Materials and Methods
Study 1.
Sample and procedures.
Beginning 7 days after the campus shooting, undergraduate and graduate students were invited to complete an anonymous, internet-based survey via a system-wide email sent on the researchers’ behalf by the university administration. The survey was fielded to all 40,339 students listed in the university system. A reminder email was sent out a week later to bolster student participation. Participants who clicked the link to the survey were presented with an initial screen indicating that the purpose of the survey was to study the impact of the campus shooting; informed consent was obtained from all individuals included in the study. Participants were asked to complete the survey without consulting others and were instructed to answer items as honestly as possible. Participants were also presented with contact information for the lead researchers and the campus counseling center and encouraged to call or visit the center if they felt a need to speak with someone about their feelings regarding the incident. Data were collected up to 29 days following the shooting, with the majority of responses (92%) collected within 16 days postevent. The participation rate was ∼18% (n = 6,540). Of these, 3,890 (∼60%) students reported having been in the lockdown; between 2,696 and 3,393 of these students had complete information on variables across analyses in study 1. Of the 3,051 students who provided ethnicity data, nearly 40% identified as European American, roughly 30% identified as Asian American, and 14% identified as Latino American; the remainder identified as multiracial/ethnic (8.6%), African American (2.7%), or other (6%). All procedures for this study were approved by the Institutional Review Board of the University of California, Irvine.
Dependent variables.
Acute stress.
Symptoms of acute stress were assessed using the Acute Stress Disorder Scale-5 (21), which is based on the Diagnostic and Statistical Manual of Mental Disorders, fifth edition (DSM-5; ref. 36). Respondents used a 5-point Likert-type scale ranging from 0 (not at all) to 4 (very much) to describe the extent to which they experienced each of 14 possible reactions “since the shooting and lockdown” (e.g., “Do you have distressing dreams about the lockdown/shooting?”).
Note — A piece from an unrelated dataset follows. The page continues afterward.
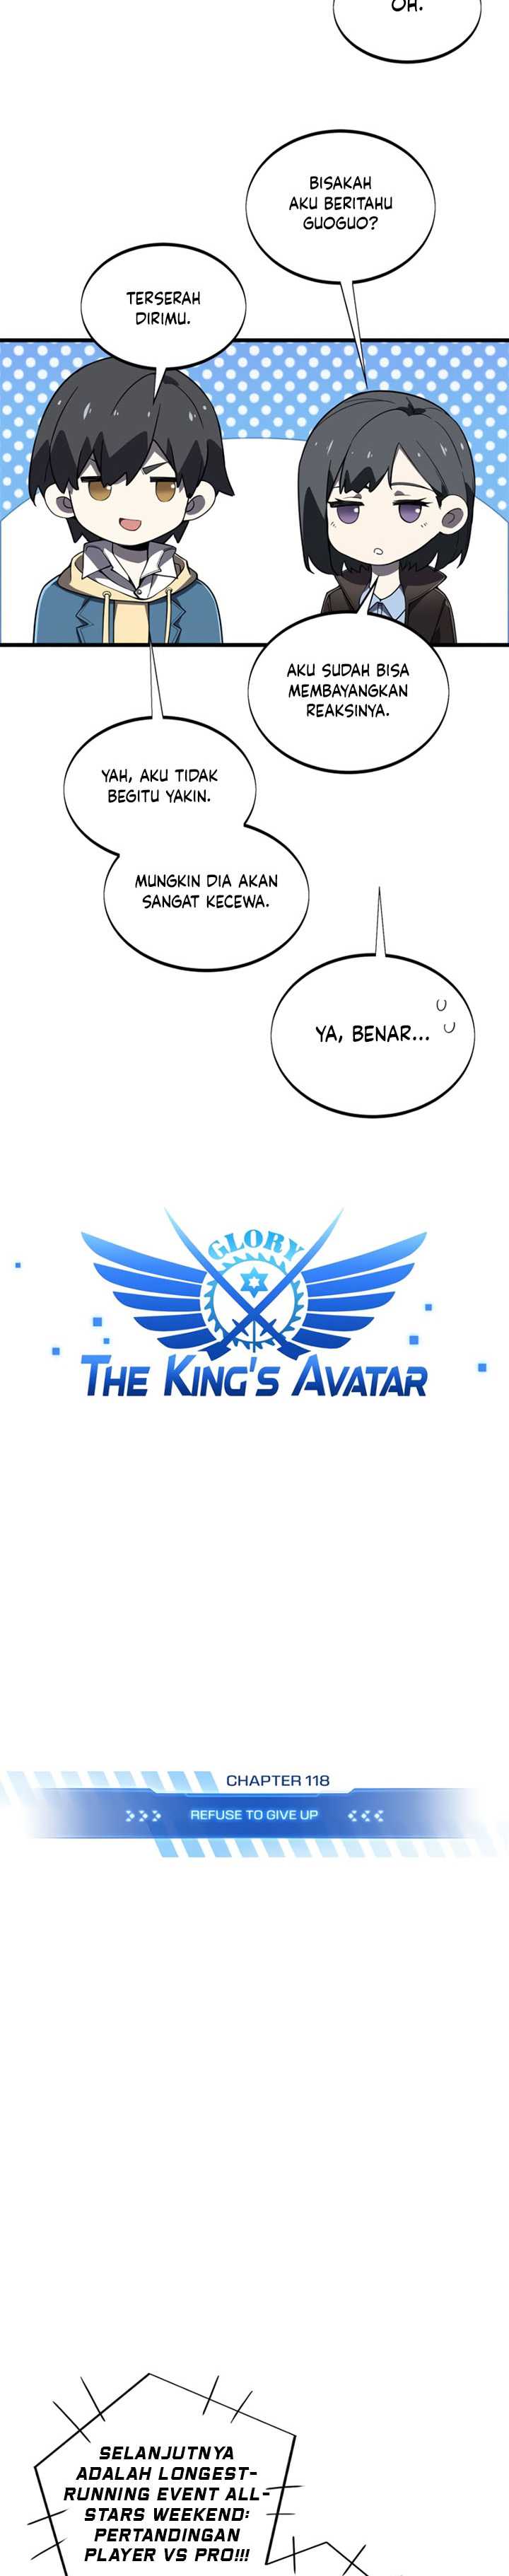 The King’s Avatar Chapter 118

Responses were summed (range, 0–56) to create a continuous score for acute stress symptoms and to capture maximum variability in potential responses (37).
Conflicting information.
Respondents were asked to indicate the extent to which they agreed with the statement. “I received conflicting information from different sources about the details of the shooting.” Responses were measured on a 5-point Likert-type scale ranging from 0 (not at all) to 4 (a great deal). Because no valid information about the event was available to any students during the lockdown, this variable was used as a proxy for rumor exposure.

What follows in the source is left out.